No existe un mejor lugar para matar a una mujer que en Ciudad Juárez, México. En los últimos diez años, cientos de mujeres han desaparecido o han sido encontradas asesinadas en esta ciudad fronteriza. La mayoría de ellas fueron empleadas de maquiladoras o en plantas de ensamblaje de la zona. Solo algunos casos se han solucionado.
La cifra de mujeres asesinadas, de 1993 a la fecha, rebasa ya las trescientas, y el total de desaparecidas se eleva a quinientas. Detrás de estos crímenes se acumulan miles de casos de hostigamiento sexual, doméstico y laboral, no denunciados, de violencia intrafamiliar no atendida, y sobre todo de una misoginia institucional que magnificada por la prensa local sirve como estímulo a los perpetradores de lo que hoy se conoce ya como un feminicidio. Esta situación criminal se relaciona con la violencia del narcotráfico, el desempleo, y la miseria fronteriza en tiempos de globalización forzada, originando el derrumbe de oportunidades y la contratación de mano de obra femenina (pésimamente remunerada), que desplaza a buena parte de la fuerza laboral masculina.
Lourdes Portillo reúne los testimonios de la frustración y del rencor social, el encono misógino, y el desdeñoso retrato moral de las víctimas (para las autoridades, simples provocadoras :»ellas se lo buscaron»). A todo esto opone el perfil de las jóvenes, apenas adolescentes, obligadas a trabajar en turnos de madrugada, expuestas al riesgo urbano de calles mal alumbradas, temerosas siempre, canjeando diariamente seguridad física por supervivencia económica. ¿Qué hacían las «muertas de Juárez» en la calle?, pregunta la prensa local. «No iban precisamente a misa», le responde con sarcasmo un gobernador panista.
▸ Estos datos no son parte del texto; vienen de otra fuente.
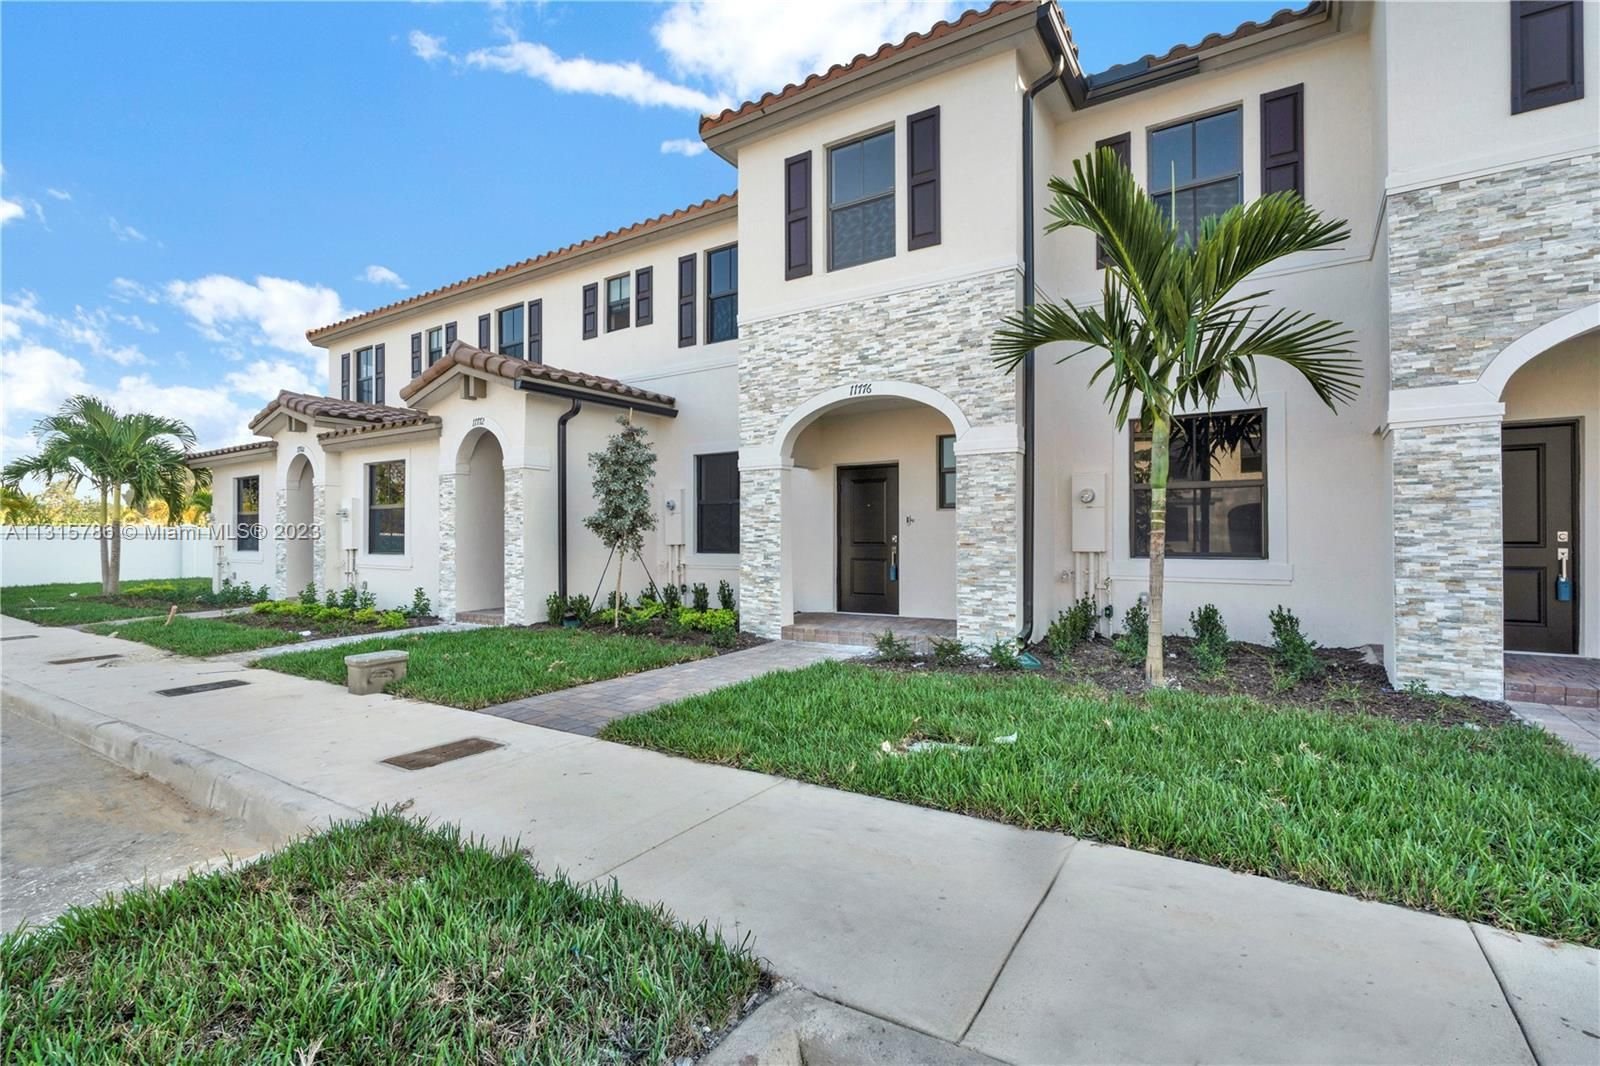 Real estate property located at 11776 247th Ter #0, Miami-Dade County, Miami, FL

Vista así, entre la difamación y la caricatura, todo autoriza el ajusticiamiento que es, al mismo tiempo, un mensaje social en tiempos de cambio; el desdén hacia la mala pécora como parte de un programa de saneamiento civil, que incluye a homosexuales y travestis. «Todas son putas», explican las autoridades en Señorita extraviada, o mulas tercas que aún no entienden que la gente decente se pasea de día, y la indecente se expone a todo por andar de noche.
Lourdes Portillo es directa, lacónica, profesional en todo momento; no precisa insistir en lo que está a la vista: la corrupción a todos los niveles, la venalidad de los medios, y el machismo fanfarrón que se ampara en el buen juicio de las autoridades, terrenales o divinas. La realizadora muestra que estos crímenes, sistemáticos, parecidos entre sí, con evidencias de tortura casi todos, no son asunto de nota roja, como se argumenta a la ligera, sino llanamente ejecuciones realizadas con alevosía y saña, producto en cada caso del odio a las mujeres, a las que,se tilda de prostitutas «para así descalificarlas, disminuir el horror de su desaparición y nulificar las averiguaciones». Lo más escandaloso es la pasividad de las autoridades, a nivel local y federal, ante estos actos irracionales, y el torrente retórico que disimula mal esa apatía.
Lourdes Portillo nació en Chihuahua y conoce de cerca la situación fronteriza y los saldos de la violencia misógina; estudió y vive en Estados Unidos, donde su labor como documentalista le valió una nominación al Oscar en 1986. (losotrosdocumentales.blogspot.com). Año: 2001.